It’s been a week, so when Preston calls, asking to come get his barbecue grill for when he finds a new apartment, I decided to let him. I had blown off my steam, talked to Lance and Peggy, whined to my parents (my mother tried to convince me that things could be fixed, she had always liked Preston), and have come to the conclusion that despite current feelings, I’ll get over him eventually. I just have to face the fact that he and I are never going to happen.
Nevertheless, I fret as I wait for him, wondering if he’ll bring Julius with him, or some new boy, mentally rehearsing what I should say and how I should act. I'm still angry, I have to remind myself. He's the worst and I'm better off without him. My stomach is in knots when he finally rings the doorbell. It feels strange because he still has his key, and I know he brought it just in case I wasn’t there.
I open the door and turn to the back of the house. “Come on in,” I offer casually, leading him to the patio.
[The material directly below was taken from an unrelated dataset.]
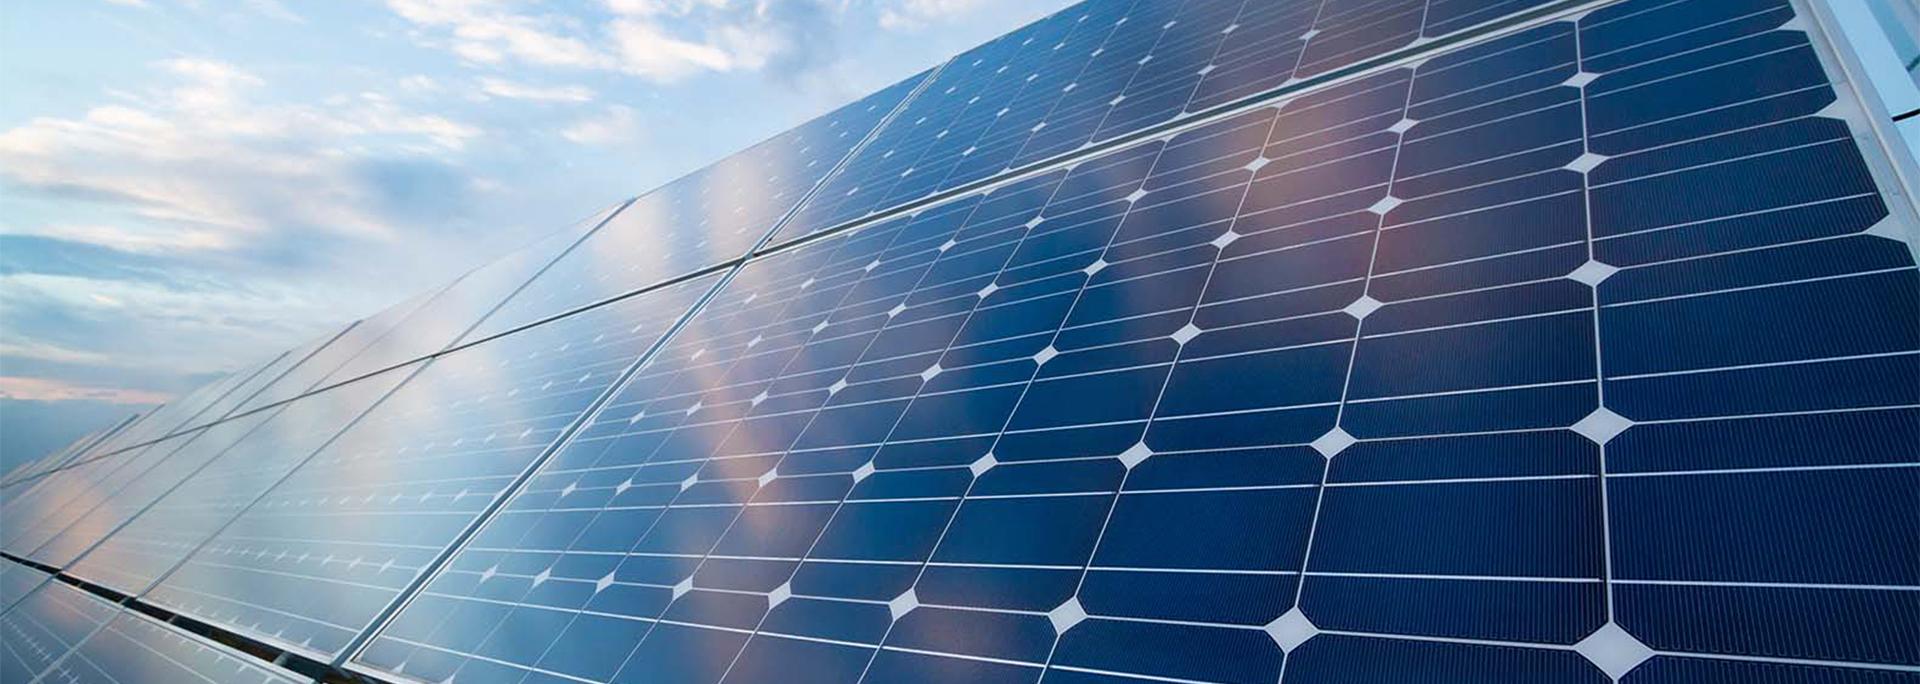 ديم سولار لأنظمة الطاقة المتجددة

Preston doesn’t say anything until we get into the kitchen, but before I open the back door he stops me. “You know, maybe we should just leave it here for now. I mean, I don’t know if I’ll have room, and if I keep the key until I find space I can just come and get it whenever,” he suggests.
Preston is a relatively uncomplicated guy, so it’s glaringly obvious when he tries to play games. He just has no clue how to be subtle. For his sake I get to the point.
“I don’t think it’s a good idea for us to live together anymore,” I say, finally turning to face him. “Things have gotten too complicated.”
My ex-roommate is clearly at a loss; I’m gratified and heartbroken to see his shoulders slump and his eyes drop. “Well,” he says in the direction of the floor, “you made a pretty hasty decision, and I know this is the first time that we’ve ever really fought about anything…” he shrugged, still looking at his feet. “I’m just saying that you were upset, and I’d really appreciate it if you reconsidered.”
I exhale noisily. “Did you leave anything else that you want?”
“Sammie, please, I’m having a rough time finding a new place.”
“Check the classifieds,” I say curtly. “Plus, you told me you got a new apartment.”
Preston tentatively puts his hand on my arm, and I can’t look at him anymore. I can’t. I’m going to break down, give in, do anything to banish this doleful air surrounding him. He’s like a sad pound puppy that I can’t take home. “I don’t want to find another apartment, Samuel,” he confesses. “I want to move back in with you. You have to admit, we make a great team.”
We would have, but now I don’t think I could handle having another of his boyfriends around. Ever. “Move on, Preston. I will. This won’t work.”
“Hey,” he admonishes, and I hear him stepping close to me, then he wraps his arms around my stomach and pulls me against him. His voice is low and smooth. “What would it take for me to convince you otherwise?”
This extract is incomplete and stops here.